Так как фрагмент большой, а хотелось бы, чтобы вы его прочитали первый раз целиком, в этом выпуске — только фрагмент из книги, а в следующих письмах — анализ по «кусочкам».

«Дело происходило Великим постом, когда в Москву, на актерскую биржу, съезжались артисты со всех концов провинции для составления и подписания новых контрактов на будущий сезон. Меня пригласили на просмотр артистов для набираемой труппы. В назначенное время я явился по данному мне адресу и очутился в только что освободившемся магазине, из которого наскоро выехал прогоревший торговец. Сор, хлам, бумага, поломанные полки и ящики, старый диван с обломанными ручками и спинкой, несколько таких же кресел, старые рекламы галантерейных товаров, витая лестница наверх, а там — низкий чулан с грязным оконцем, с массой старых коробок, с низким потолком, о который я стукался головой. Здесь, на ящиках, сидели мой будущий антрепренер со своим помощником. К ним приходили снизу какие-то люди, бедные, оборванные, нечистоплотные, и к ним обращались на «ты».

— Подыми, покажи ногу, — говорил помощник какой-то молоденькой девушке. — Держись прямо!.. Повернись.

Сконфуженная девушка снимала шубу в нетопленой конуре и старалась держаться как можно прямее.

— Голос есть?

— Я драматическая, не пою…

— Запиши ее в нищих, — решал антрепренер.

— Можно и в проститутки, — заступался помощник, внося ее в список жилиц приюта по пьесе.

Молодая актриса слегка кивнула головой и вышла. Стали вызывать следующих, но я остановил, закрыл дверь и попросил объяснения.

— Простите меня, — начал я, насколько мог осторожнее и ласковее, — я не в силах продолжать эту работу. Как вы думаете, можно ли заниматься искусством и эстетикой в коровнике? Или эстетика имеет свои требования, которые нельзя не выполнять хотя бы в самом минимальном размере? Ведь без этого эстетика перестает быть эстетикой. Вот самое минимальное требование не только ее, но самой примитивной культуры: чистота. Велите вымести всю эту гадость, вышвырнуть негодное, вымыть полы и окна, отопить помещение, поставить самые дешевые венские стулья, самый простой стол, покрытый скатертью, а на него — чернильницу и перья, чтоб можно было писать на столе, а не на стене, как сейчас. Когда это будет сделано, я с большим воодушевлением займусь очень интересным для меня делом, а теперь я не могу, потому что меня тошнит. И еще условие: вы — директор того учреждения, которое должно просвещать общество. А актеры — ваши ближайшие помощники. Будем же помнить это и будем разговаривать с ними не как с проститутками и рабами, а как с теми лицами, которые достойны носить высокое звание. Если мои слова вас не обидели, а напротив, вдохновили к созданию чистого, хорошего дела, дайте мне вашу руку и простимся до следующего раза. Если же мое обращение вас оскорбило, то простимся навсегда.

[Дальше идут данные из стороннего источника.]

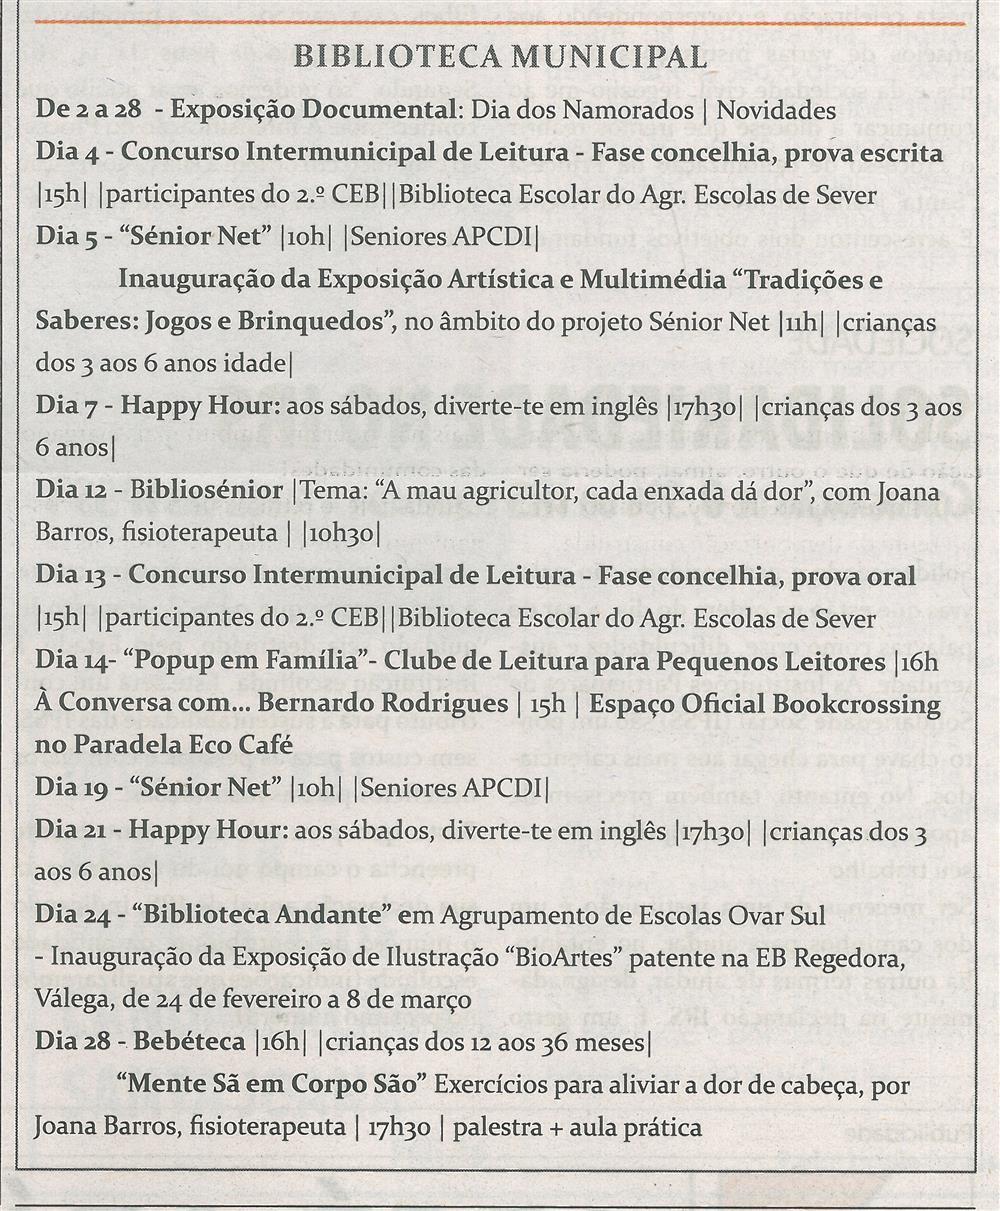 TV-fev.'15-p.15-Cultura : fevereiro : Biblioteca Municipal.jpg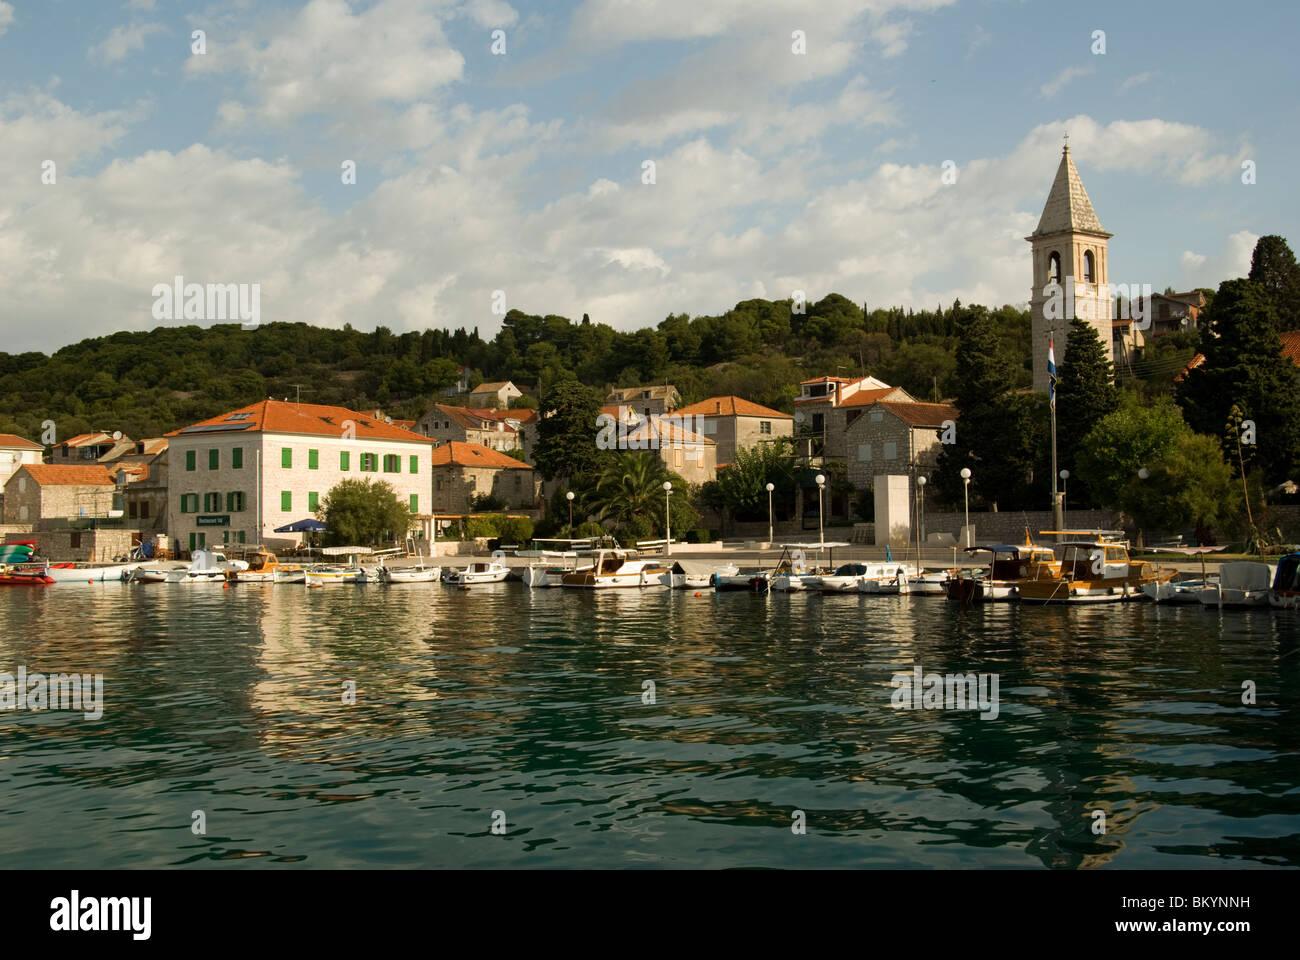 Kroatien; Hrvartska; Fernsehreihe; ?ibenik-Knin, Priv?, Priv?-Luka, Hafen, Kirche Hotel, kleine Fische Häuser Stockbild

Я не ошибся в антрепренере. Он был чуткий, порядочный человек. Мои слова его сконфузили, он растерялся и проговорил, ударив себя по лбу:

— Как же я, старый дурак, не понимал этого раньше?!

Он обнял меня, и мы простились.

К следующему разу помещение было вытоплено и блестело от чистоты. И низ и верх были обставлены так, как обставляются дворцовые комнаты в оперетках. Роскошные портьеры, расписанные театральным трафаретом, золотая бахрома, золотые и серебряные стулья, бархатные и шелковые скатерти, бутафорские картонные вазы, такие же часы на столах, ковры, вода и стаканы, пепельницы и приготовленный чай для артистов. Верхняя комната превратилась в настоящий кабинет директора. Изумленные таким превращением актеры торопились снять свои шубы, привести себя в порядок, пригладиться, причесаться и держать себя так, как привыкли на сцене в ролях испанских грандов. Бонтон этой гостиной получился совсем особого рода. Но тем не менее цель была достигнута, и можно было говорить с людьми по-человечески.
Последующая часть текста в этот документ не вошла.